- Location: Preiļi Municipality, Latgale, Latvia,
- Nearest city: Preiļi
- Coordinates: 56°16′17″N 26°51′30″E﻿ / ﻿56.27139°N 26.85833°E
- Area: 27.69 km^{2} (10.69 sq mi)
- Established: 2004

= Kaučers Protected Landscape =

Protected landscape area

Kaučers Protected Landscape is located in Rušona Parish, Preiļi Municipality in the Latgale region of Latvia. The area is named after Lake Kaučers, which is located in the center of the protected area. There are six other lakes in the protected area: Lake Baiba, Esereits, Limins, Meirauka, Salmejs and Lake Stupon. The state highway V742 (Preiļi – Gaiļmuiža – Feimaņi) passes through the northern part of the territory. Next to it is Gaiļmuiža.

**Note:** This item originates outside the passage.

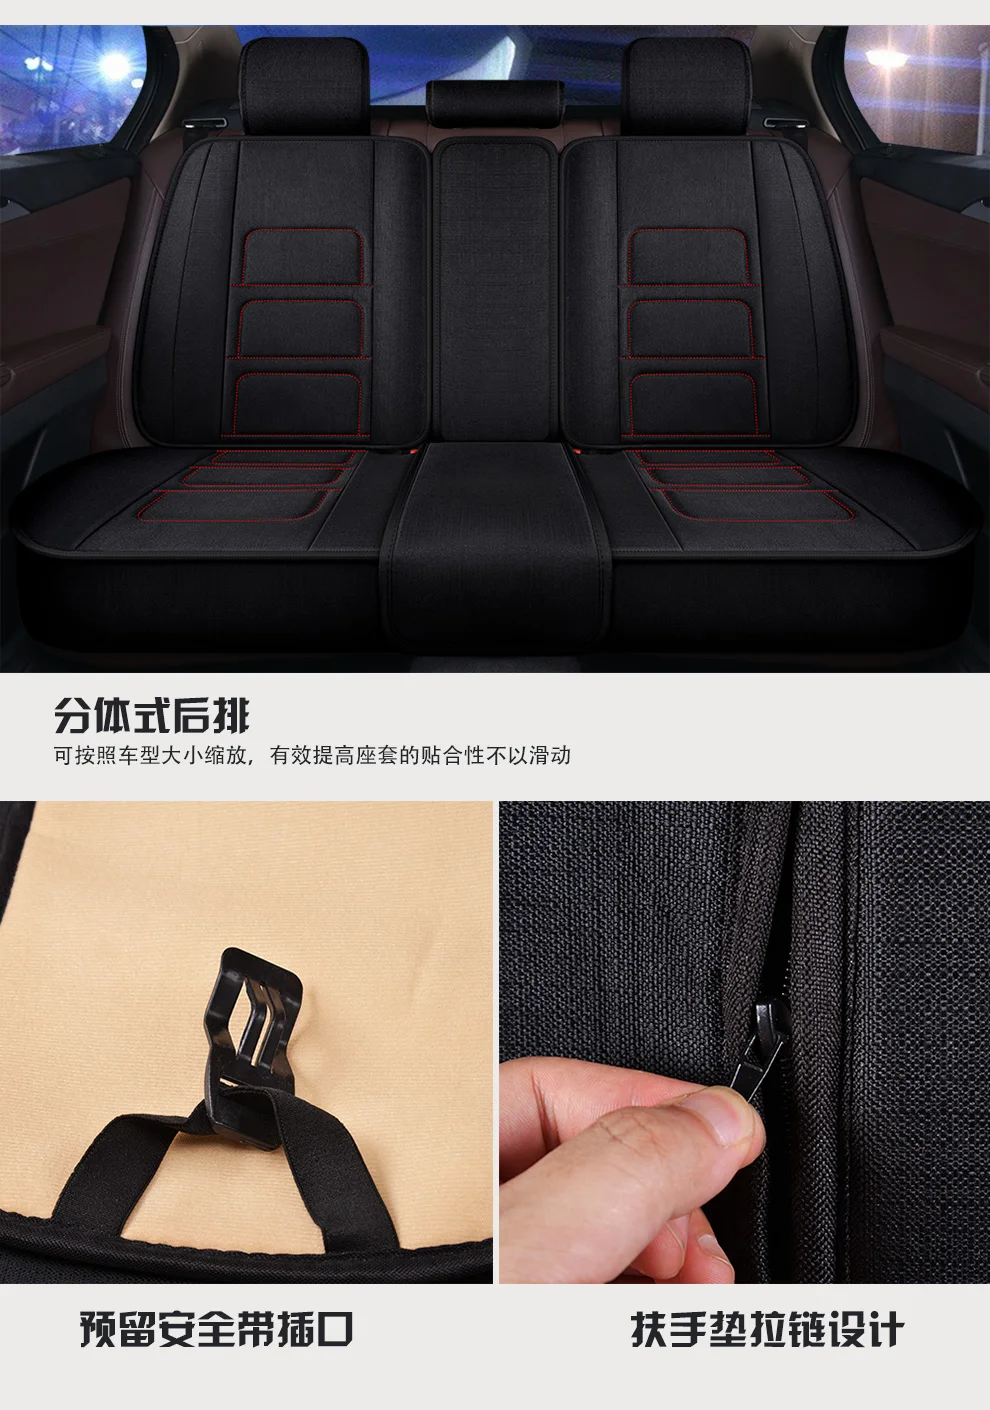 Авто Полное покрытие чехлы на сиденья льняное волокно чехол на автомобильное сиденье для Volvo 80 серии s80 v70 xc70 xc40 xc60 xc90

This is an Natura 2000 site.

== Flora ==
There are a large number of protected plant species in the area: slender naiad (Najas flexilis), three-ranked spear-moss (Pseudocalliergon trifarium), wideleaf tortula moss (Tortula latifolia), yellow foxglove (Digitalis grandiflora).

== Fauna ==
Protected fauna species in the area include beetle ( Graphoderus bilineatus), large copper butterfly (Lycaena dispar), Geyer's whorl snail (Vertigo geyeri), Northern crested newt (Triturus cristatus), sand lizard (Lacerta agilis), corncrake (Crex crex), black woodpecker (Dryocopus martius), grey-headed woodpecker (Picus canus).